Sa messagerie regorgeait de mails.
Elle parcourut rapidement les expéditeurs, en élimina une bonne
partie sans les ouvrir, s’arrêta sur un mail, cliqua dessus.
C’était Séraphine, la fille de Miss Natla. Depuis l’affaire avec
sa mère dans Tomb Raider 1, elles étaient devenues copines.
« Salut Lara, tu vas pas me croire, je suis avec Claire Redfield
et on chasse les monstres du côté de la Russie, dans une petite
ville perdue, ou on a pu dégoter un cyber café. Un labo du coin
a fabriqué un virus mutagène ultra virulent, encore plus
puissant que celui de Racoon City. Et les monstres sont de
retour, comme au bon vieux temps de Resident Evil. Remarque,
avec maman c’était pas triste non plus. Moi et Claire on
s’éclate un max. Rejoins-nous vite, comme on sait que tu adores
chasser les zombies et autres bestioles bizarroïdes, tu vas
triper trop grave ! Ça gicle de l’hémoglobine dans tous les sens
! Bon, faut que je te laisse, des zombies attaquent, et si je me
dépêche pas, Claire va pas m’en laisser un seul. Gros bisous.
Séraphine »
Lara esquissa un petit sourire.
- Des vraies gamines, dit-elle en tapant une réponse.
« Désolé les filles, mais j’ai pas trop envie de goulache
sanglante en ce moment, mais plutôt de calme et de sérénité.
Eclatez-vous bien et gardez-moi l’aile et la cuisse ! Bisous.
Lara »
Elle cliqua sur envoi et éteignit le pc.
Dehors la pluie
tombait de nouveau avec fracas.
Lara fila au salon, prit la télécommande sur la table basse,
s’affala dans le canapé, alluma la télé écran géant et zappa sur
Euronews.
Au bout d’un moment, elle cligna des yeux et s’endormit.
Un hiti à la peau grise, la tête hypertrophiée et le corps
rachitique, apparut dans un rayonnement de lumière.
- N’aie pas peur, Lara, dit-il, ce n’est pas un rêve, je
m’appelle Xerox et je viens d’Alpha du Centaure. Nous vous
observons depuis des siècles, et le moment est venu d’établir un
contact. Nous t’avons choisie pour être notre ambassadrice. Nous
allons téléporter ton esprit dans notre monde, tu y découvriras
notre civilisation et tous ses progrès, que nous partagerons
avec vous.
- Une autre fois, répliqua Lara, là je fais un break. Repassez
le mois prochain, je serai plus disponible.

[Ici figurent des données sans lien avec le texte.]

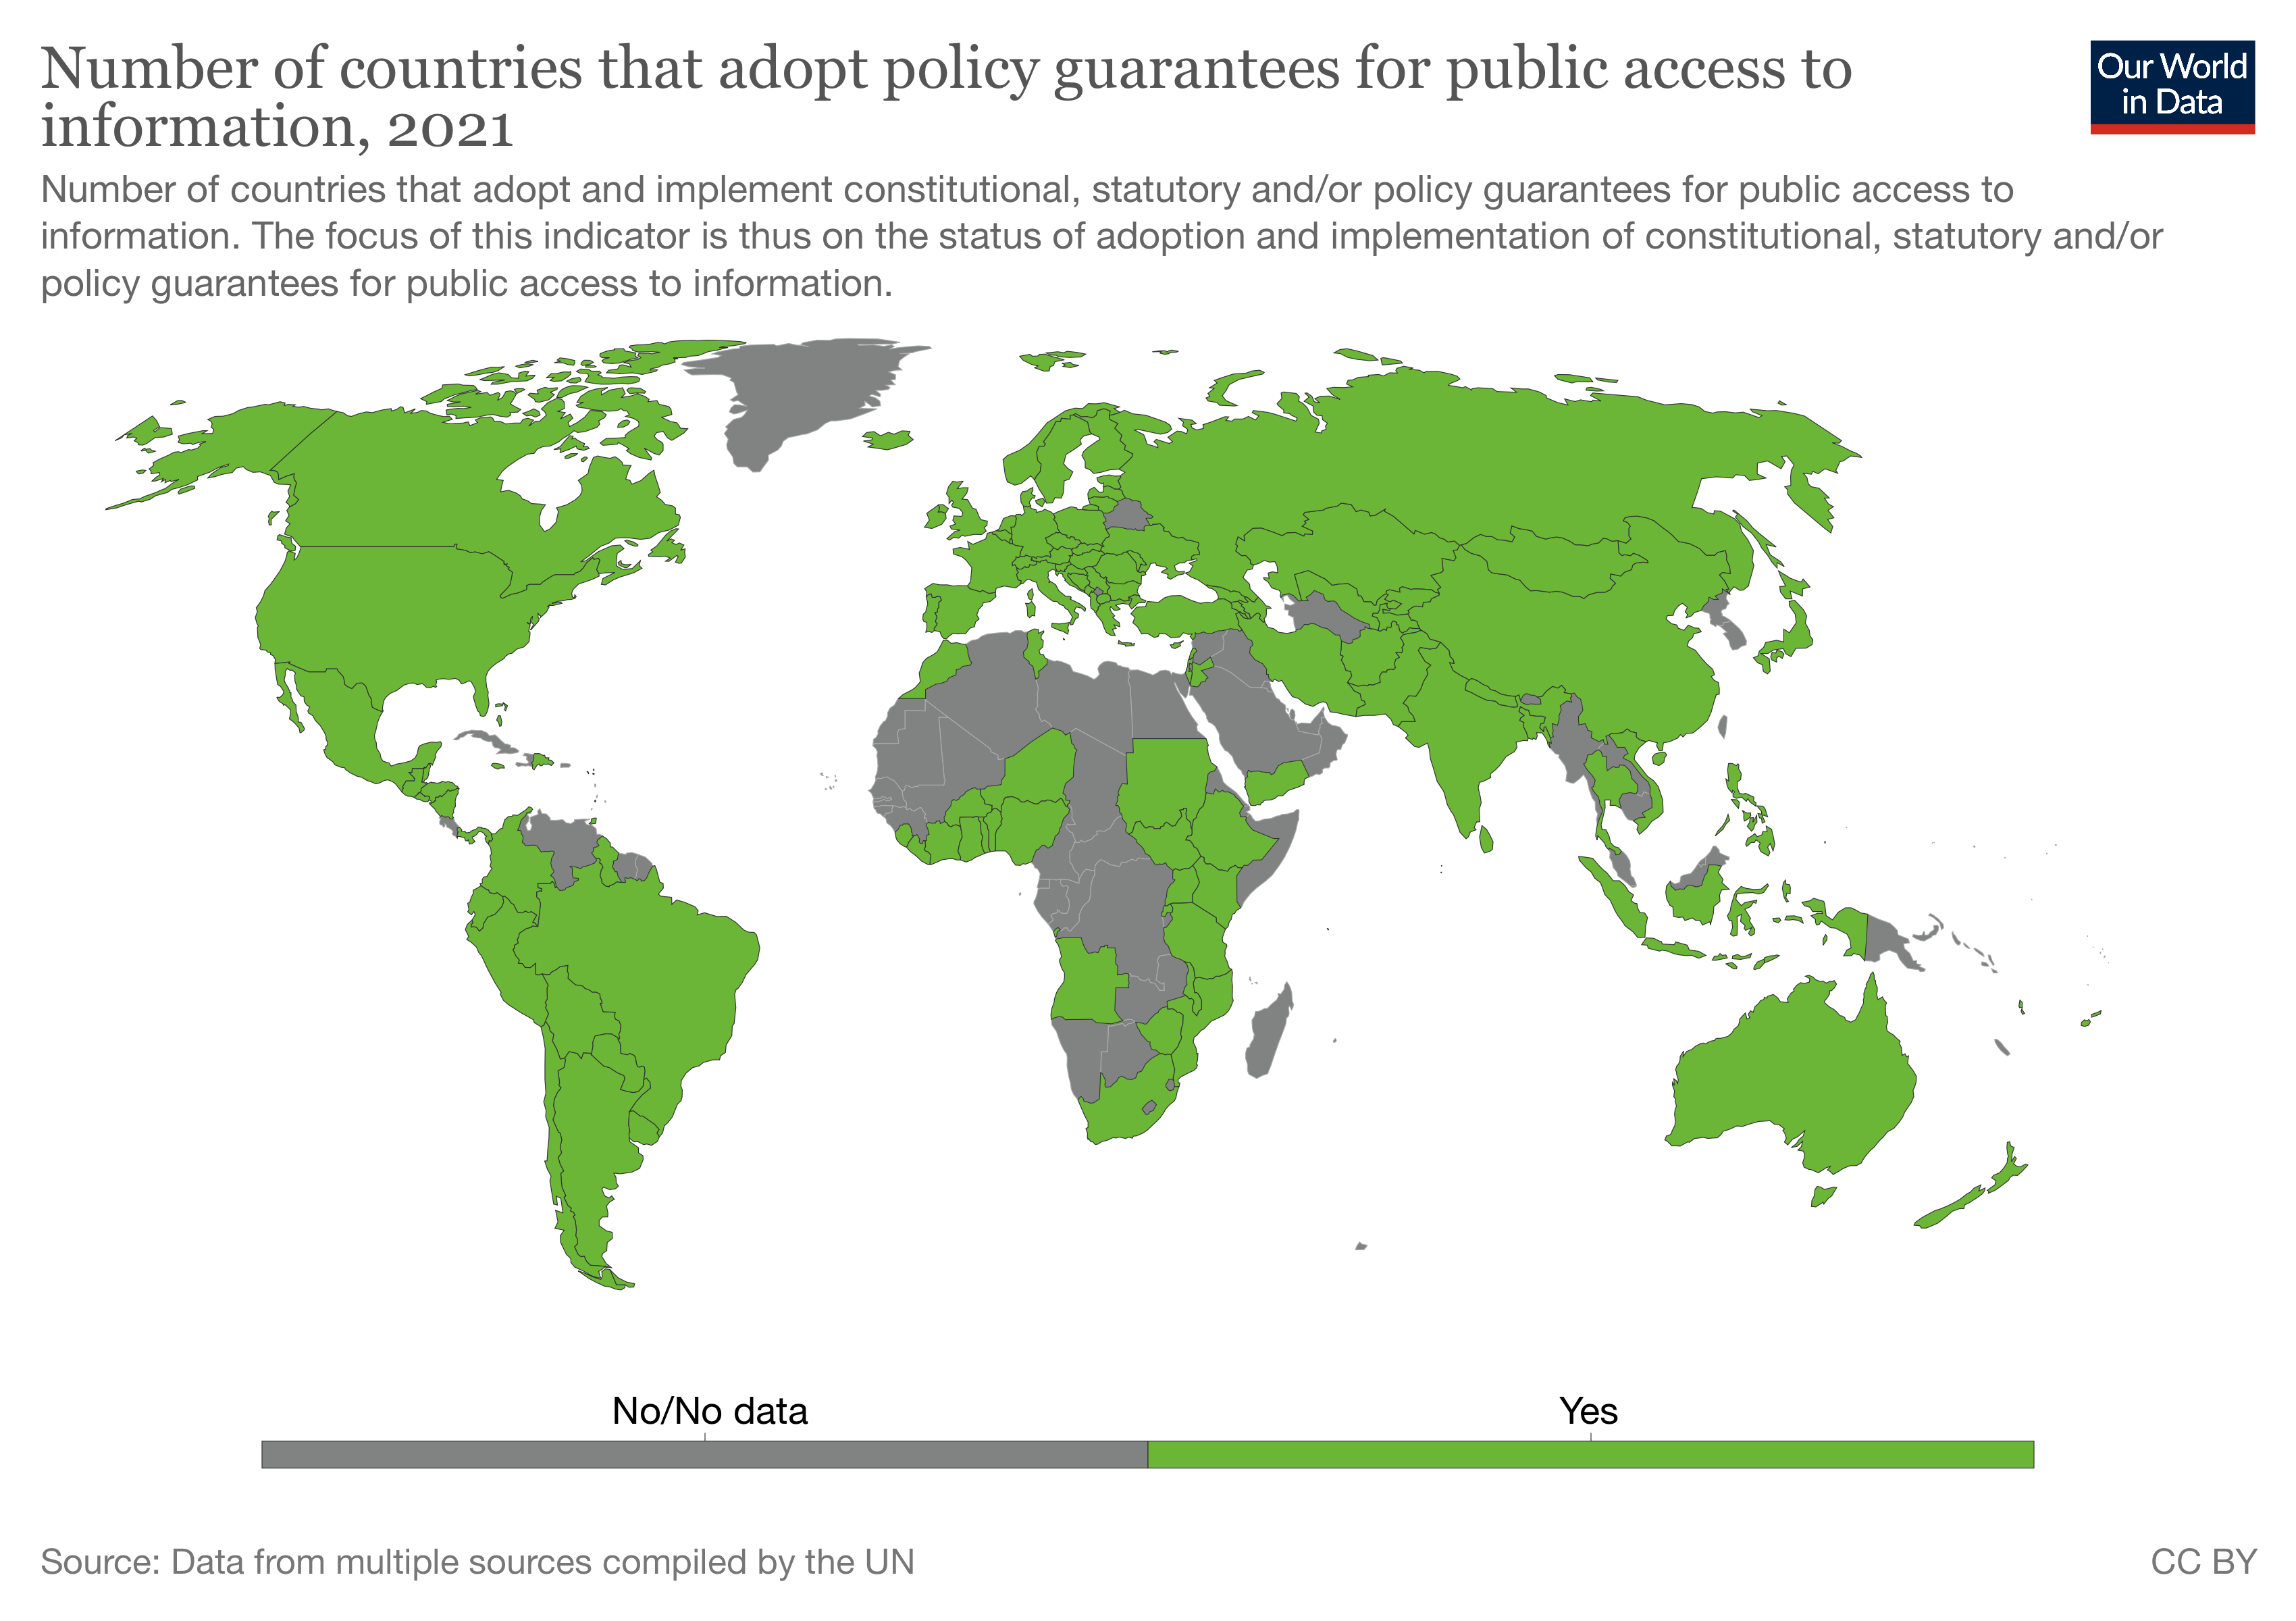 Kartta, jossa värjätty vihreäksi maat, jotka takaavat oikeuden tietoon. Harmaat maat lähinnä Afrikassa ja Aasiassa.

- Aaargh, cracha Xerox, puisqu’il en est ainsi, nous proposerons
nos connaissances à une autre planète. Adieu.
Et il se dématérialisa.
Lara se réveilla.
- Je peux même pas dormir tranquille. Mais pourquoi toujours moi
? C’est quand même dingue, il n’y a pas que moi sur cette
planète.
Elle s’étira sur le canapé.
Le téléphone sonna
dans le couloir.
Winston alla décrocher. Ecouta. Entra dans le salon.
- Miss Lara, c’est Stella Mc Cartney.
- Stella ? demanda-t-elle étonnée. Qu’est-ce qu’elle veut ?
Winston sortit et revint trente secondes plus tard.
- Elle organise son défilé haute couture automne hiver à
Stonehenge et elle aurait besoin de vous comme mannequin
vedette.
Le corps soudain électrocuté, Lara bondit du canapé, bouscula
presque son majordome et se précipita excitée sur le téléphone.
- Allô, Stella ? Oui ! Oui ! Fabuleux ! Tu es déjà sur place ?
Oui, j’arrive ! A plus ! Bisous !
Dix minutes plus tard, vêtue d’une combinaison en cuir, des
bottes enfilées et sanglées speed, Lara déboula dans le garage,
passa au pas de course devant sa Rolls, sa Porsche, son Aston
Martin, sa Jaguar, sa Lamborghini, sa jeep, son VTT, enfourcha
sa Ducati 996, ajusta sur sa tête son casque intégral, fourra
ses mains dans des gants rembourrés.
Winston eut juste le temps d’ouvrir la moitié droite de la
grille.
Lara fonça couchée sur sa moto dans un vrombissement
assourdissant, roula dans une grande flaque et disparut au bout
du chemin.
Le visage dégoulinant d’eau, son costume queue-de-pie trempé,
Winston brandit son parapluie noir et brailla :
- Sale petite peste de fille à papa !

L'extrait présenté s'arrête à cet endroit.